HVAC, FIRE AND SMOKE CONTROL
By Selele Mashilo
When there is a fire in a building, ducted ventilation systems can always
transport smoke around.
Smoke control is very important during the design stage of air
conditioning systems. During a fire in a building, lives may be
endangered by smoke carried by ducting in all areas served by air
conditioning.
Smoke can be controlled in various ways, either by switching off
the system by using smoke detectors or by applying smoke control
mechanisms which will alert tenants of the building.
During a fire in a building smoke movement to various areas is
caused by stack effect in a building, buoyancy, expansion, wind, and
ventilating and air conditioning systems.
Smoke is regarded is a killer during a fire in a building. Before
fire can even reach various remote areas of the building, smoke
might have already reached those points and also made it difficult to
evacuate tenants.
The response system on smoke control should have already
responded in time to avoid smoke reaching such remote areas
or the tenants must be alerted in time so that evacuation can be
effected.
Fire safety designers consider air conditioning systems as
potentially dangerous penetrators of building membranes that can
transport smoke and fire. Traditionally, HVAC systems must be shut
down during fire.
Though HVAC will be shut down, this does not necessarily
prevent smoke travelling through the ducting into various places
due to smoke buoyancy, stack effect and outside wind velocities
and pressures.
STACK EFFECT
A building may contain shafts for services, staircases, lifts or escalators.
When it is colder outside the building than inside the building, warm
and less dense air will always have an upward movement.

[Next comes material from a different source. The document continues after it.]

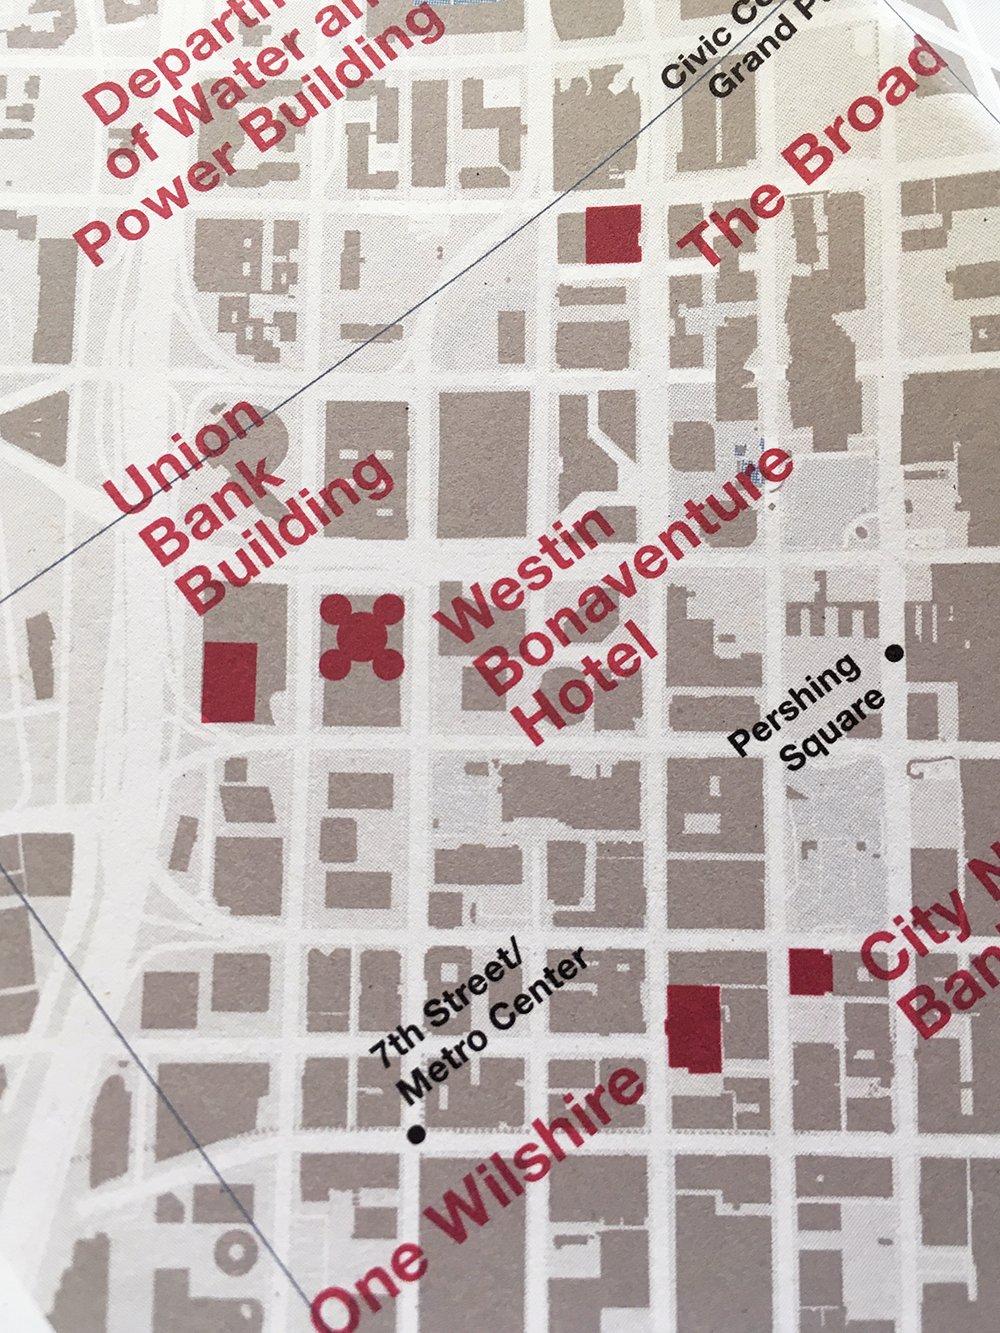 Detail of Concrete Los Angeles Map

The opposite is true when the outside air is warmer than the
interior air and movement will be downward. The downward reverse
movement is called reverse stack effect. At standard atmospheric
pressure, the pressure difference due to either normal or reverse stack
effect is expressed as:
ASHRAE
∆p = K *(1/T0 - 1/Ti)*h
Where:
∆p = pressure difference in Pascals
T0 = absolute temperature of outside air
Ti = absolute temperature of air inside shafts
h = distance above neutral plane in metres
Figure 1. Pressure difference between a building shaft and the outside
due Normal Stack Effect.
The stack effect usually exists between a building and the outside of a
building. Figure 1 indicates the pressure difference between a building
shaft and the outside of the building. In the diagram a positive pressure
difference indicates that the shaft pressure is higher than the outside
pressure, and a negative pressure indicates the opposite.
Under normal stack effect the air movement will be upwards and
under reverse stack effect the air movement will be downwards. Now
one should imagine during fire in the building, the movement of smoke
and how it can be controlled by ventilation system.
Besides the air fuelling the fire, it is not always directed to the fire
and can affect smoke movement when certain areas are under a more
positive pressure than where the smoke originated. The shafts may be
pressurised to prevent smoke movement or used for extraction systems.